§ **PROBLEM DETAILS**:
Return the whole listing unchanged. Drop the images.

§ **DATASET EXTRACT**:
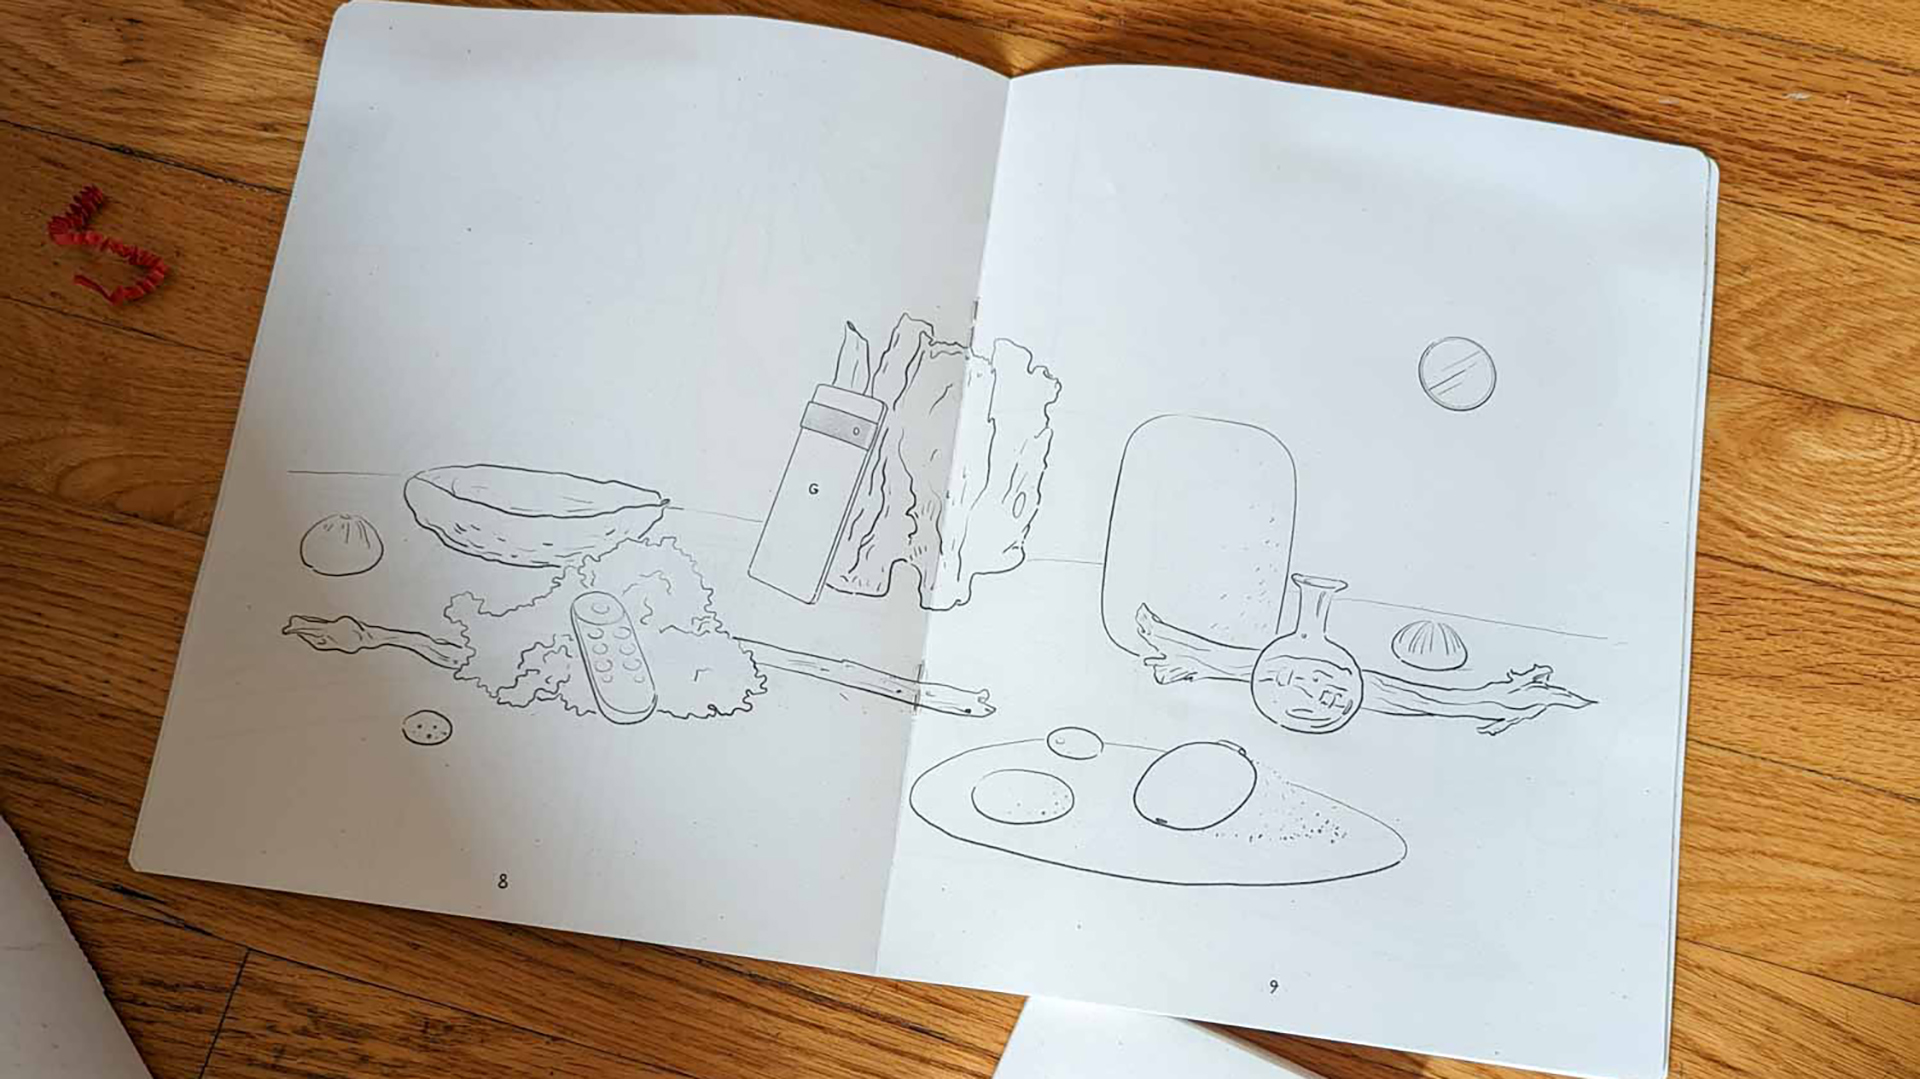 Google mistakenly lists ‘Pixel 6a’ in coloring book for Superfans
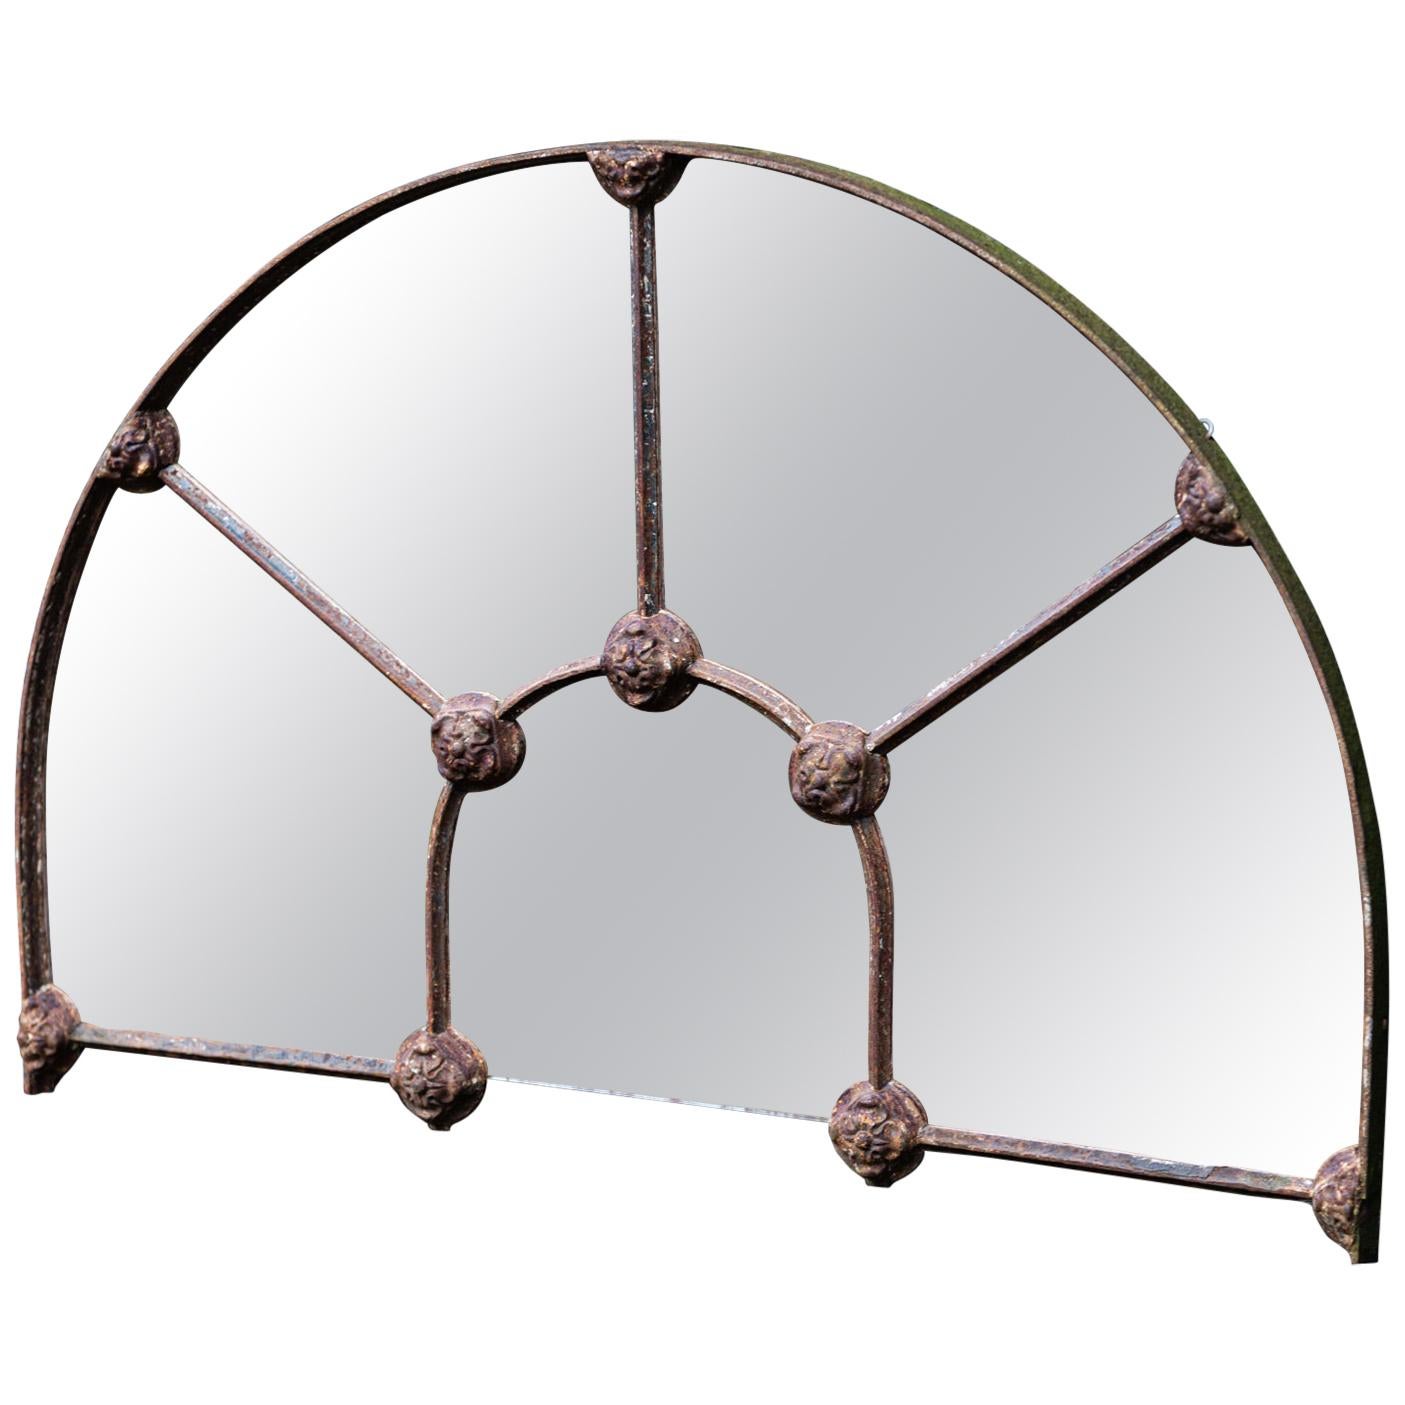 Arched Cast Iron Reclaimed Window Mirror, Mid-19th Century
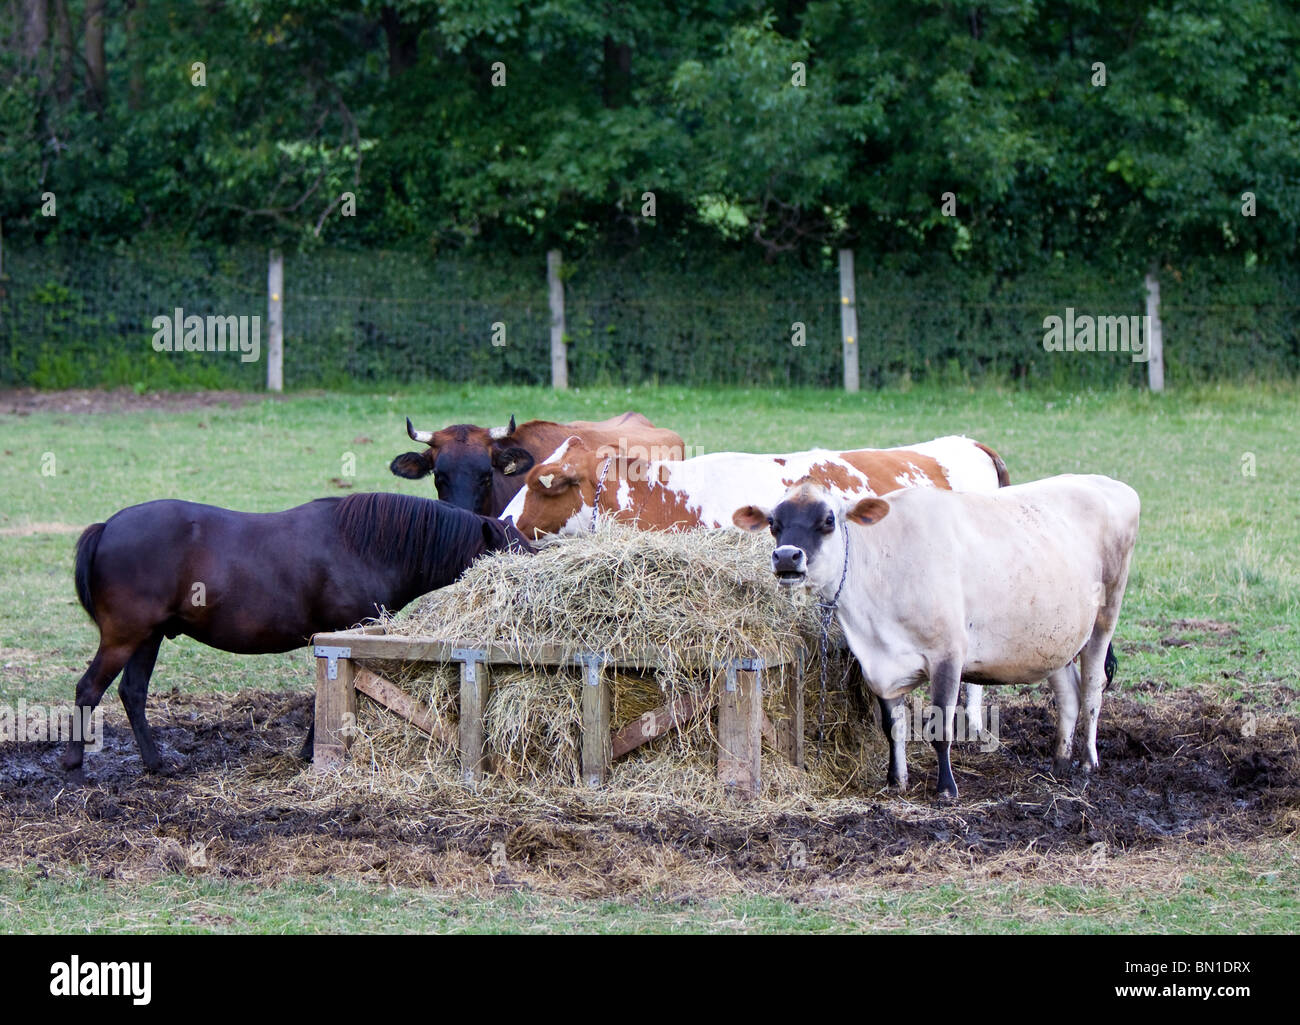 A brown horse and three cows ( cattles ) are eating grass from the manger. Stock Photo

§ **RESPONSE AREA**:
 Google mistakenly lists ‘Pixel 6a’ in coloring book for Superfans
 Arched Cast Iron Reclaimed Window Mirror, Mid-19th Century
 A brown horse and three cows ( cattles ) are eating grass from the manger. Stock Photo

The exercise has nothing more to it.